Nashville

Nashville Analysis

Nashville is the perfect city in which to create a metaphor linking show business with the business of politics in America. No other city in America is so uniquely connected and defined by a specific genre of artistic expression and in the pre-Rap world of 1975, no other musical genre could be so immediately recognized by the external expression of homogenous aspects of marketing utterly lacking in any individuality. Even after Willie Nelson grew his hair out, one could identify the country music singers at the Grammy Awards from any the representatives of any other pop music genre. Or, to put it plainly: Nashville could most easily become a setting in which the division of America along both musical and political lines could be most starkly established with the least amount of work.

This is an important and essential concept to the construction of the film because if Nashville can be said to be about any one particular thing, it is about the future of politics in America. Made in the midst of the Great American Malaise created by scandals causing the country to question itself like Watergate and the Vietnam War and in the vacuum created by the possibilities raised of what might have been had JFK, MLK, RFK and Malcolm X not all been assassinated in the 1960’s, the one thing that Nashville most certainly cannot be said to be about is politics in 1975.
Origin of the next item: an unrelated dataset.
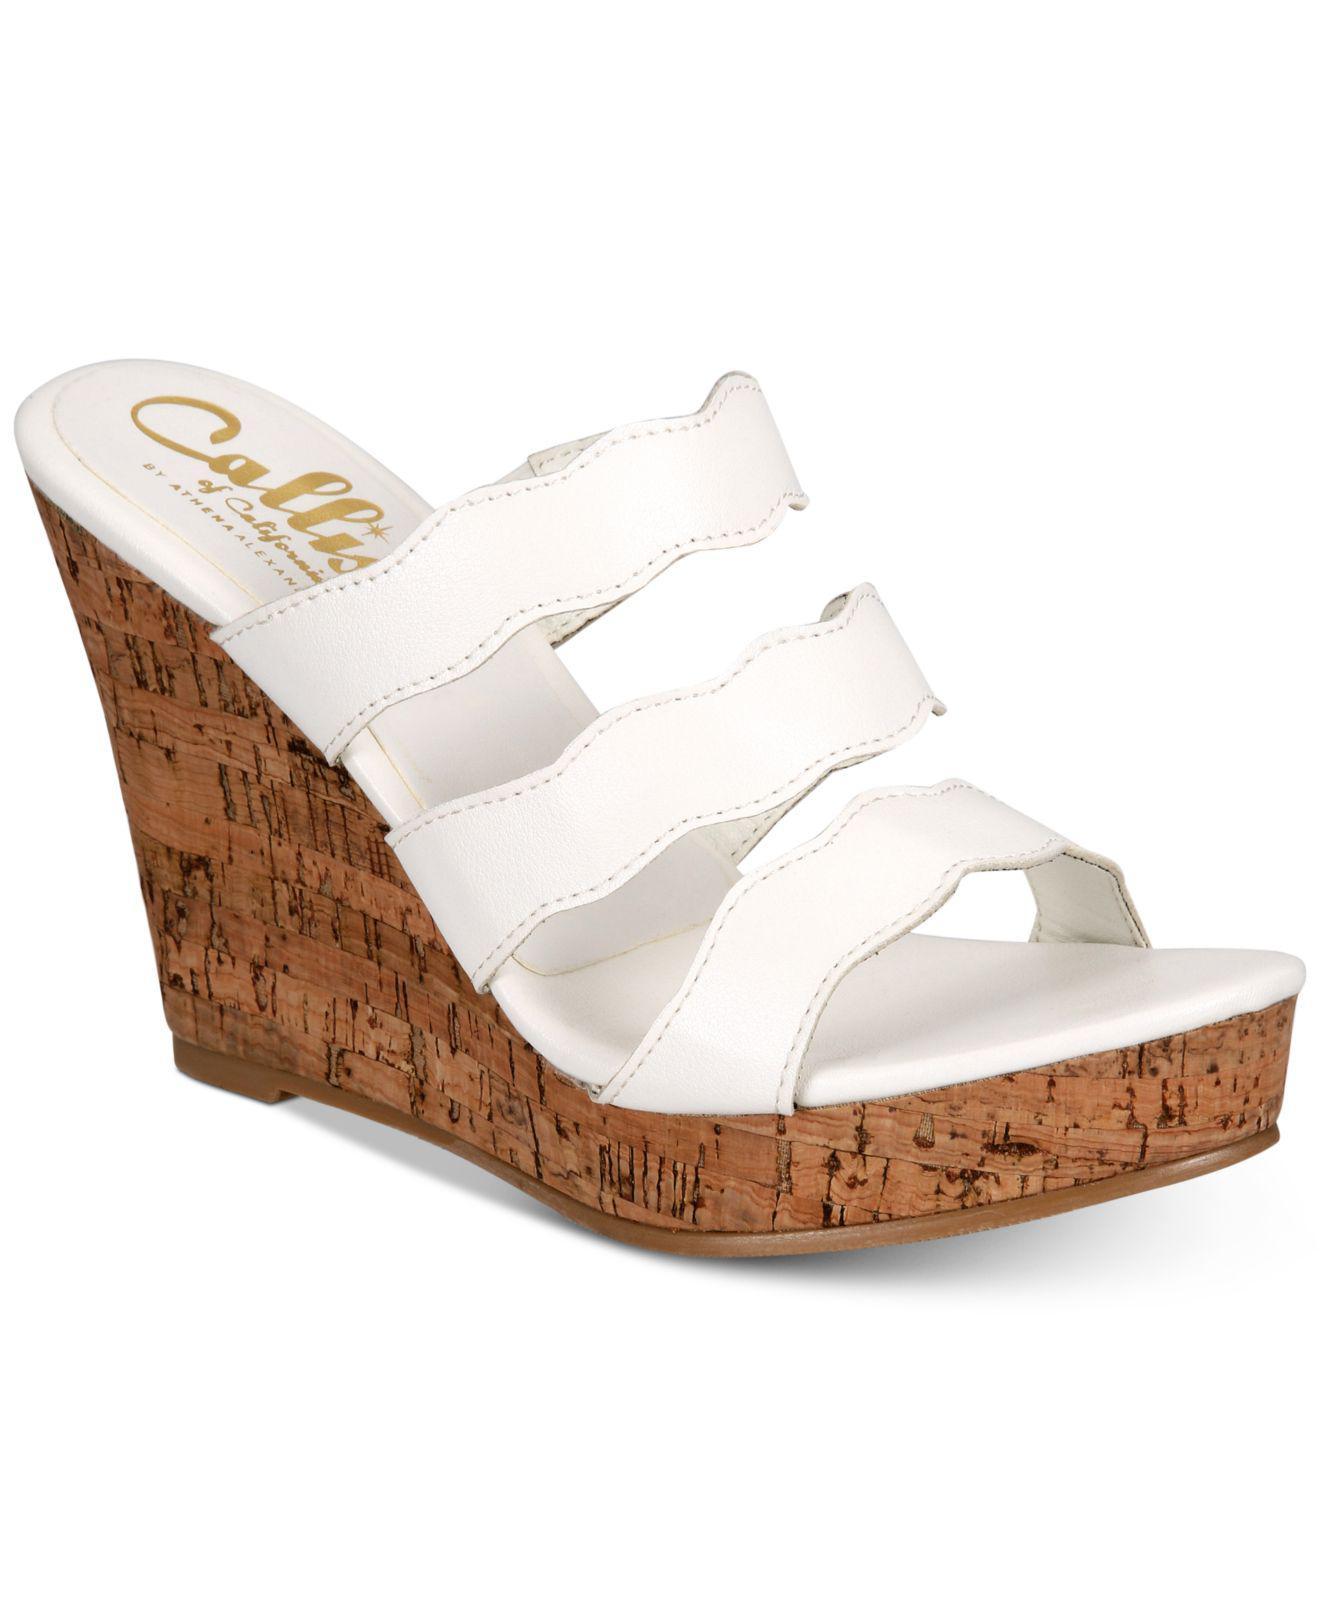 400dab9fc537 Callisto Flure Slip-on Platform Wedge Sandals in White - Lyst

By that point—a year after Nixon’s resignation and still more than a half a decade away from the country election a former actor as its Chief Executive, the connection between the marketing of entertainment and the marketing of politicians was barely a blip on the radar of public consciousness. The screenwriter and director of Nashville-- Joan Tewkesbury and Robert Altman—apparently saw something going on that nearly everybody else was missing. The most amazing thing about Nashville is how incredibly prescient it was in creating a canvas in 1975 upon which they painted a portrait that looked much close to 2016.

The line between the selling of country music and the selling of a Presidential candidate is actually—incredibly—more blurry in the film than it became in the real life Presidential election of 2016. The empty and simple-minded platitudes of the unseen candidate are indistinguishable from the empty and simple minded lyrics of a country music song.

“…with people all over this country...I'm often confronted with the statement - 'I don't want to get mixed up in politics,' or 'I'm tired of politics,' or 'I'm not interested.' Almost as often, someone said, 'I can't do anything about it anyway.' Let me point out two things. Number One: All of us are deeply involved with politics whether we know it or not and whether we like it or not. And Number Two: We can do something about it. When you pay more for an automobile than it cost Columbus to make his first voyage to America, that's politics.”

And:

“I pray my sons won't go to war
But if they must, they must.
I share our country's motto
And in God I place my trust.
We may have had our ups and downs
Our times of trials and fears.
But we must be doin' somethin' right
To last 200 years.

One can well imagine a candidate stripping the lyrics into a straightened-out prose and delivering it as a stump speech. Likewise, it is not hard to imagine the candidate’s speech above being sliced and diced to serve as lyrics for a tune pouring out of dollars store with a sound system tuned into a local country music station.

It’s not hard to imagine that now, that is. In 1975, it would have been much more difficult, but the world has changed quite a bit since then. And what is more amazing than anything, perhaps, is the America of the 2016 looks more like the 1975 of Nashville than it does the future predicted by 2001: A Space Odyssey, A Clockwork Orange or even Conquest of the Planet of the Apes.